- Relator(a)
- Ministro Jorge Mussi
- Órgão julgador
- Quinta Turma
- Data do julgamento
- 25/10/2011
- Data de publicação
- 10/11/2011
STJ – Acórdão, Rel. Ministro Jorge Mussi, Quinta Turma, j. 25/10/2011, p. 10/11/2011
HABEAS CORPUS. POSSE DE ARMA DE FOGO DE USO PERMITIDO. CONDUTA PERPETRADA NO PERÍODO DA VACATIO LEGIS. APLICAÇÃO DA EXEGESE DO ART. 30 DA LEI 10.826/2003. ATIPICIDADE DA CONDUTA. EXTINÇÃO DA PUNIBILIDADE. MATÉRIA DE ORDEM PÚBLICA. ORDEM CONCEDIDA DE OFÍCIO. 1. Embora a tese de atipicidade da conduta do paciente em relação à posse de arma de fogo em razão da abolitio criminis temporária prevista no arts. 30 e 32 da Lei nº 10.826/03 não tenha sido ventilada perante as instâncias ordinárias, o seu reconhecimento por esta Corte não implica indevida supressão de instância, uma vez que se trata de matéria de ordem pública, que pode ser apreciada de ofício e em qualquer grau de jurisdição. 2. É considerada atípica a conduta relacionada ao crime de posse de arma de fogo, seja de uso permitido ou de uso restrito, incidindo a chamada abolitio criminis temporária nas duas hipóteses, se praticada no período compreendido entre 23 de dezembro de 2003 a 23 de outubro de 2005. Contudo, este termo final foi prorrogado até 31 de dezembro de 2009 somente para os possuidores de arma de fogo de uso permitido (art. 12), nos termos da Medida Provisória nº 417 de 31 de janeiro de 2008 e da Lei nº 11.922, de 13 de abril de 2009, que estabeleceram nova redação aos arts. 30 a 32 da Lei nº 10.826/03, não mais albergando o delito de posse de arma de uso proibido ou restrito - previsto no art. 16 do referido Estatuto. 3. In casu, em se tratando de posse ilegal de arma de fogo de uso permitido, vislumbra-se que é atípica a conduta atribuída ao paciente, pois se encontra abarcada pela excepcional vacatio legis indireta prevista nos arts. 30 e 32 da Lei nº 10.826/03, tendo em vista que as buscas foram efetuadas na sua residência em 12-4-2007, isto é, se deram dentro do período de abrangência da Lei em comento para os referidos tipos de armamentos, qual seja, de 23 de dezembro de 2003 a 31 de dezembro de 2009. 4. Writ não conhecido.
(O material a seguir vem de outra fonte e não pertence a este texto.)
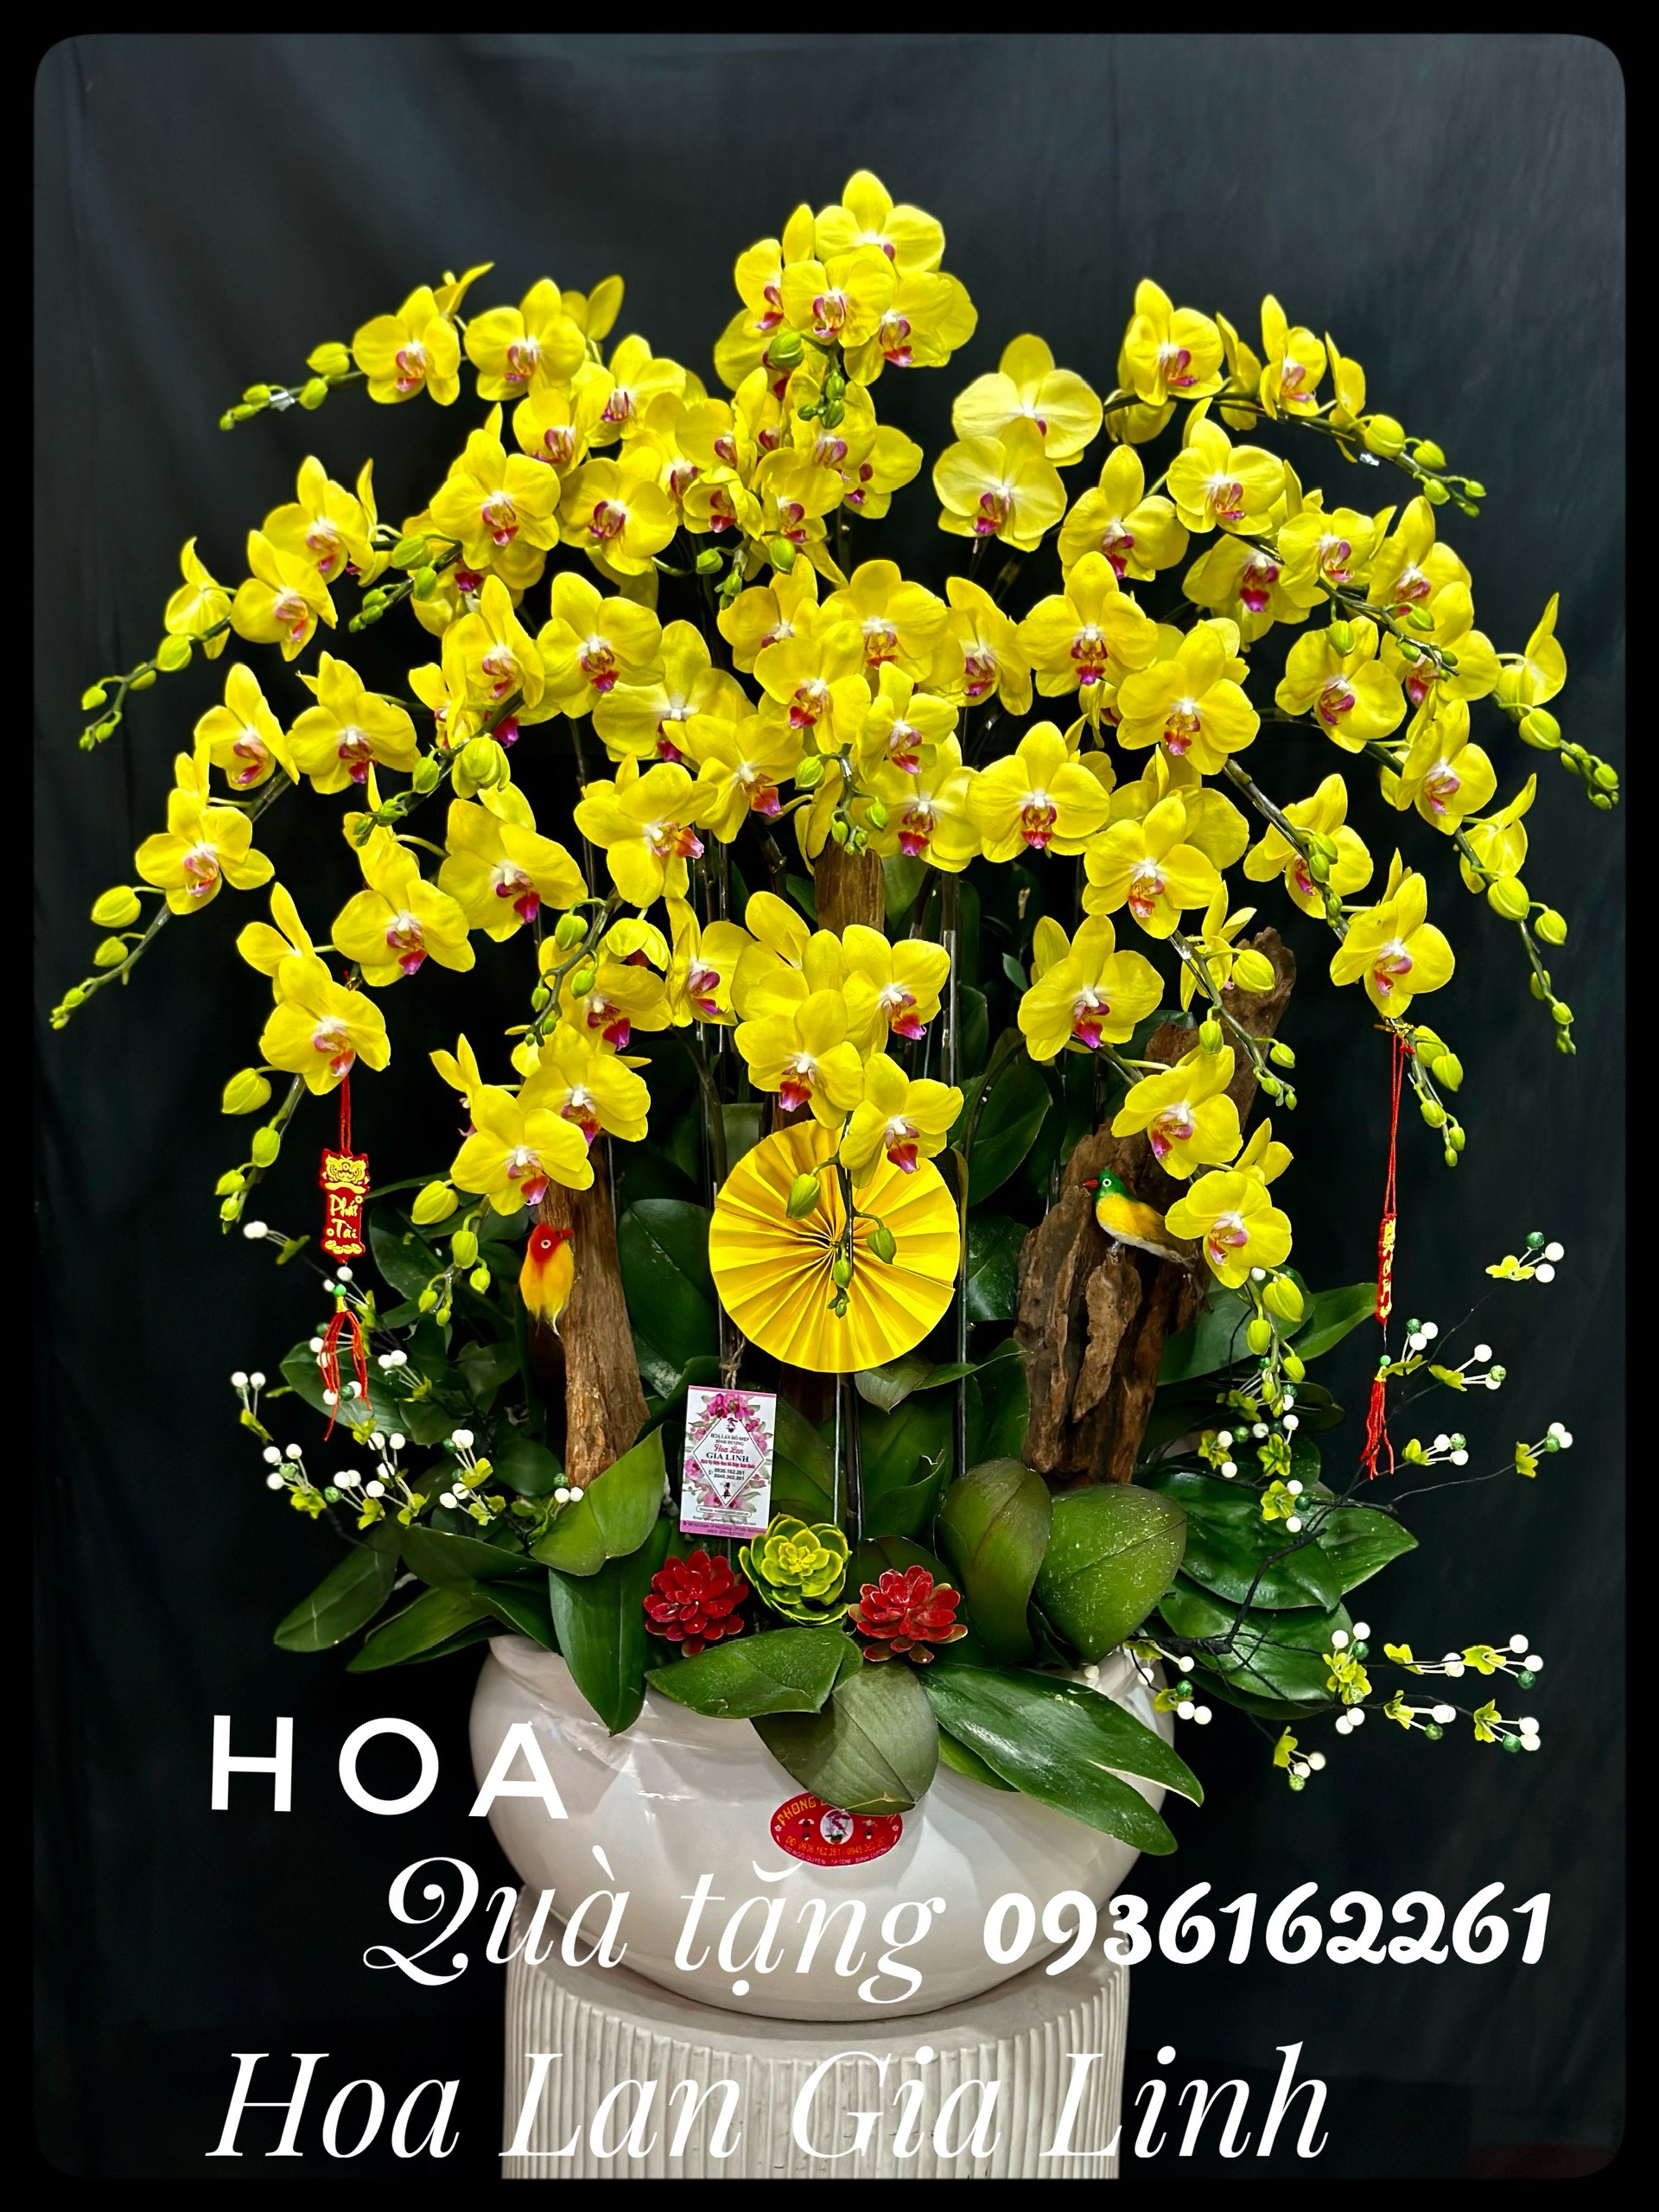 Cửa hàng hoa lan hồ điệp Phong Lan Gia Linh

Habeas Corpus concedido de ofício para declarar extinta a punibilidade do paciente quanto ao delito disposto no art. 12 da Lei nº 10.826/03, restando prejudicado o pedido remanescente. (HC n. 183.440/RJ, relator Ministro Jorge Mussi, Quinta Turma, julgado em 25/10/2011, DJe de 10/11/2011.)